A queued transaction is a blockchain operation submitted to the network but placed in a non-executable state, so it cannot be included in the next block. It remains in a node's memory pool (mempool) until the conditions for processing are met.
When a user initiates a cryptocurrency transfer, the transaction does not reach the blockchain immediately. Instead, it is broadcast to network nodes, where it lands in the mempool, a temporary staging area holding unconfirmed operations. Each node maintains its own version of this pool, and transactions propagate across the network until a block producer, either a miner in proof-of-work systems or a validator in proof-of-stake systems, includes them in a new block.
Within the mempool, transactions have one of two statuses: pending or queued. Pending transactions have passed node validation and are eligible for immediate inclusion in the next block. Queued transactions have not yet met the conditions for execution and remain on hold until those conditions are resolved.
A transaction typically becomes queued for one of two reasons.
The first involves prior unconfirmed transactions from the same address. When a sender has an earlier transaction still awaiting confirmation, any later transaction from that address cannot leapfrog it. The later operation is held back until the earlier one clears.
The second, more technical cause involves an incorrect nonce value. On account-based blockchains like Ethereum, every transaction from an address carries a nonce, a sequential number tracking how many confirmed transactions that address has sent. The network requires nonces to be processed in strict order. If a transaction carries a nonce higher than expected, it cannot execute until the gap is filled by a transaction with the correct nonce. The out-of-order transaction remains in the queued pool until this gap is resolved.
The difference between queued and pending is not just timing but executable status. A pending transaction has been validated by nodes, confirming the sender's signature is legitimate and the account has sufficient funds. It is available for block producers to include. A queued transaction has not reached this stage and remains invisible to confirmation until the blocking condition, such as a missing earlier transaction or an out-of-sequence nonce, is resolved.

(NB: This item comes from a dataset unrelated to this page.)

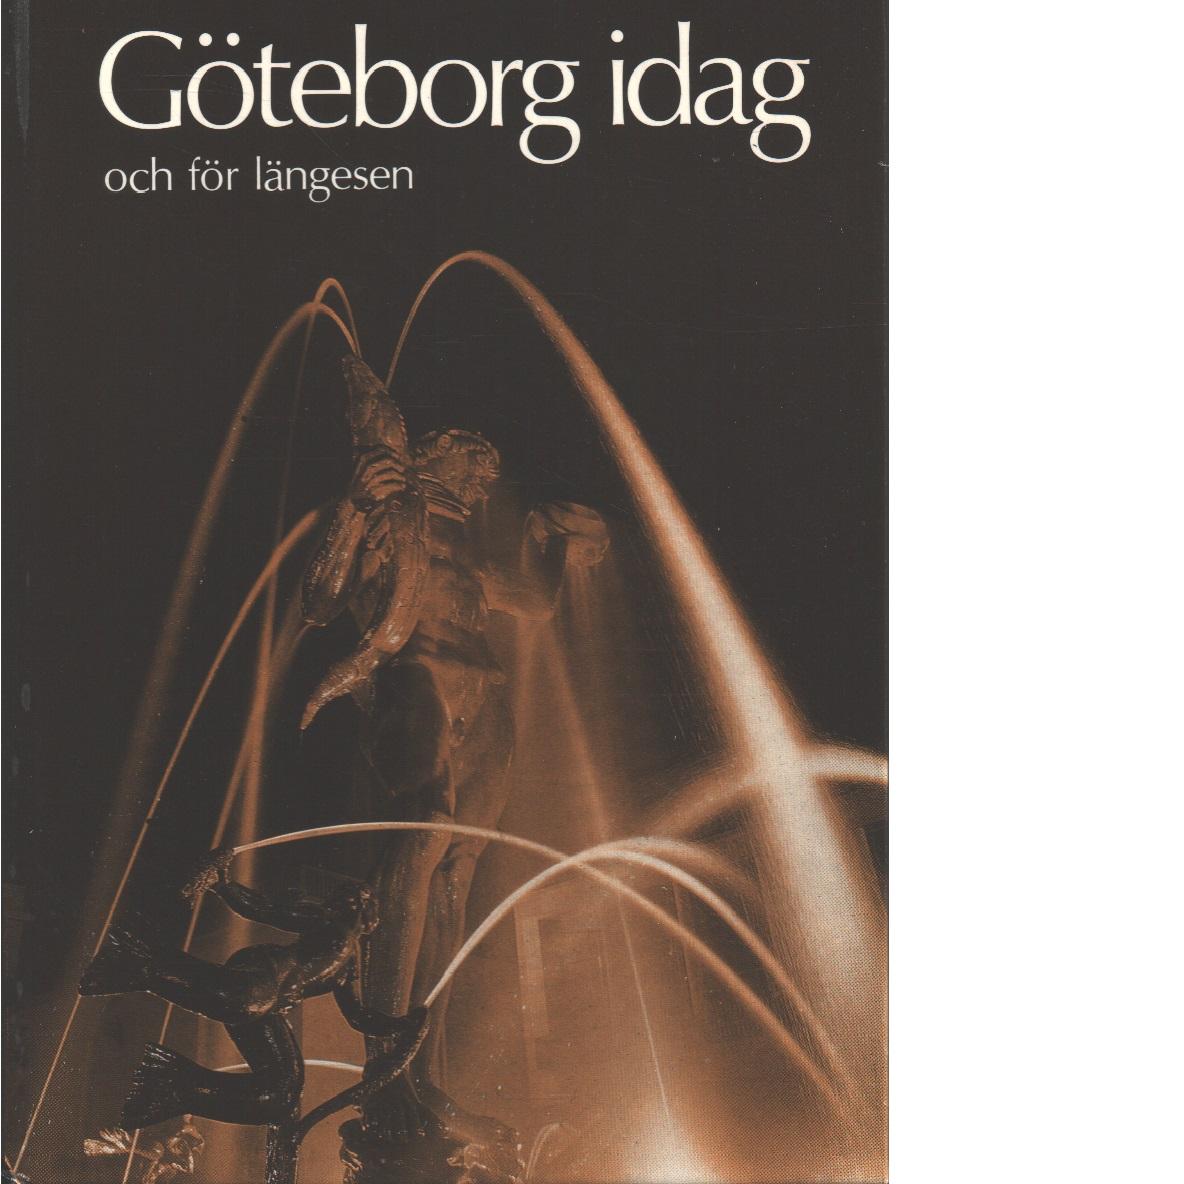 Göteborg idag och för längesen - Bondeson, Gustaf

On Ethereum's Geth client, for example, a single node can store up to 1,024 non-executable (queued) transactions by default. Transactions that fail to resolve their queued state before hitting this limit or other node-imposed thresholds risk being dropped from the pool entirely.
Among pending transactions eligible for execution, transaction fees determine the order of selection. Block producers are incentivized to include transactions with the highest fees, as these compensate their validation work. On Bitcoin, miners rank transactions by fee rate in satoshis per byte. On Ethereum, after the EIP-1559 upgrade, the fee structure includes a base fee that is burned and an optional priority fee, or tip, paid directly to validators. When network traffic is heavy, users who underbid fees may see their transactions linger in the pending pool or be dropped.
This fee-driven prioritization means that during high congestion, the effective queue is not strictly first-in, first-out. A later transaction with a higher fee can be confirmed before an older, lower-fee one.
When a transaction is stuck in the queued state, especially due to a nonce gap, practical remedies exist. The simplest is to submit a new transaction from the same address using the missing nonce. Once that gap-filling transaction is confirmed, the stuck transaction can move to pending and be processed.
Another option is replacing a stuck transaction by resubmitting it with the same nonce but a higher fee. On Ethereum, this is called "speed up" or, to cancel, submitting a zero-value transaction to oneself with the same nonce and higher gas price. Once the replacement is confirmed, the original becomes invalid and is dropped from the mempool. Bitcoin has a similar mechanism called Replace-By-Fee (RBF).
Users who wait without action may eventually see their transactions confirmed once congestion eases, though this can take hours or days depending on network conditions.
Several blockchain explorers allow users to track where their transactions stand in real time. Etherscan, Ethplorer, and EthVM serve this function for Ethereum, while BTCScan and Bitcoin Explorer cover Bitcoin transactions. Tools like Mempool.space provide a live view of the Bitcoin mempool, including unconfirmed transaction counts, fee ranges, and block estimates. These resources help users decide whether to wait, speed up, or replace a stalled transaction.
The frequency and duration of queued and stuck transactions are directly tied to network throughput limitations. Blockchain networks are designed to process a finite number of transactions per second, and when demand exceeds that capacity, congestion drives more transactions into prolonged queued or pending states.
Ongoing development efforts aim to reduce these bottlenecks. Solutions such as sharding, which distribute transaction processing across multiple parallel chains, and layer-two protocols, which handle transactions off the main chain before settling results on it, are designed to increase overall throughput. As these scaling technologies mature, the conditions that drive transactions into lengthy queued states are expected to become less common.